In December 2023, the FASB issued ASU 2023-09, Income Taxes (Topic 740): Improvements to Income Tax Disclosures, which requires disaggregated information about a reporting entity’s effective tax rate reconciliation as well as information on income taxes paid to enhance the transparency and decision usefulness of income tax disclosures. The amendments in this ASU are effective for annual periods beginning after December 15, 2024 on a prospective basis; however, retrospective application is permitted. The Company adopted this ASU on a prospective basis in the fourth quarter of 2025. The adoption of this ASU resulted in additional disclosure about the Company's effective tax rate reconciliation as well as income taxes paid.
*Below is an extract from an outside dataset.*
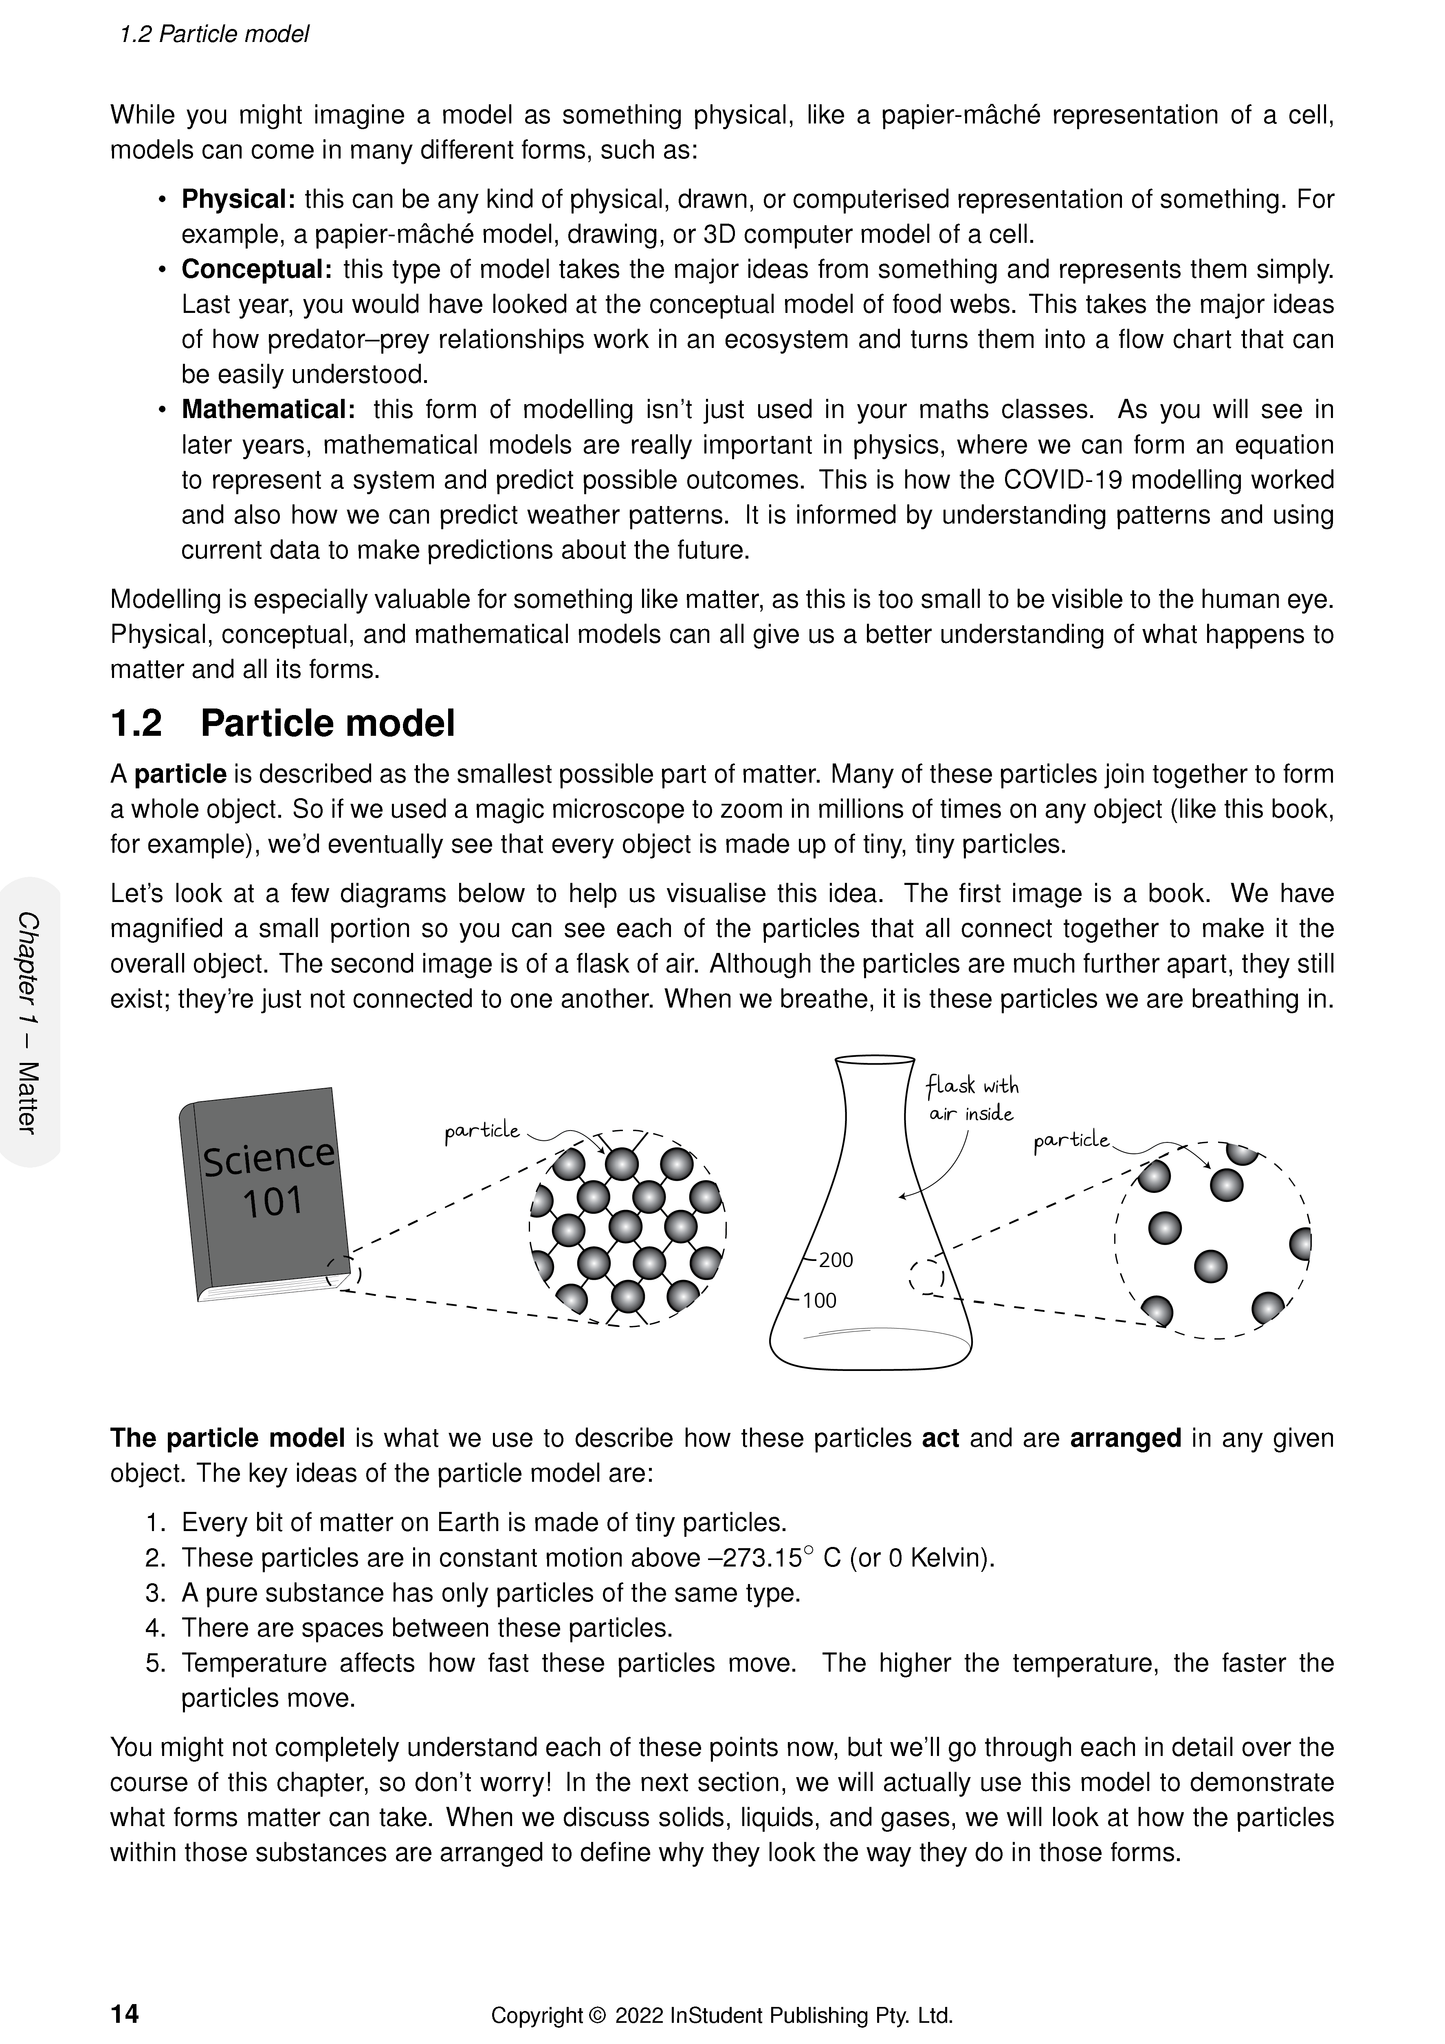 ATAR Notes Year 8 Science Complete Course Notes

In November 2024, the FASB issued ASU 2024-03, Income Statement - Reporting Comprehensive Income - Expense Disaggregation Disclosures (Subtopic 220-40): Disaggregation of Income Statement Expenses, which is intended to enhance expense disclosures, primarily by requiring disclosure of disaggregated information about certain income statement expense line items on an annual and interim basis. The amendments in this ASU are effective for fiscal years beginning after December 15, 2026 and interim periods within fiscal years beginning after December 15, 2027. The amendments in this ASU should be applied prospectively; however, retrospective application is permitted. Management is currently evaluating the impact that this accounting standard will have on its consolidated financial statements and notes thereto.
In September 2025, the FASB issued ASU 2025-06, Intangibles - Goodwill and Other - Internal-Use Software (Subtopic 350-40): Targeted Improvements to the Accounting for Internal-Use Software, which is intended to modernize and simplify the guidance for capitalizing costs related to internal-use software by removing the stage-based approach and aligning the disclosure requirements with those for other long-lived assets. The amendments in this ASU are effective for annual periods beginning after December 15, 2027 and may be applied prospectively, retrospectively, or using a modified prospective approach. Early adoption is permitted. Management is currently evaluating the impact that this accounting standard will have on its consolidated financial statements and notes thereto.
Other pronouncements issued by the FASB or other authoritative accounting standards groups with future effective dates are either not applicable or are not expected to be significant to Wesco’s financial position, results of operations or cash flows.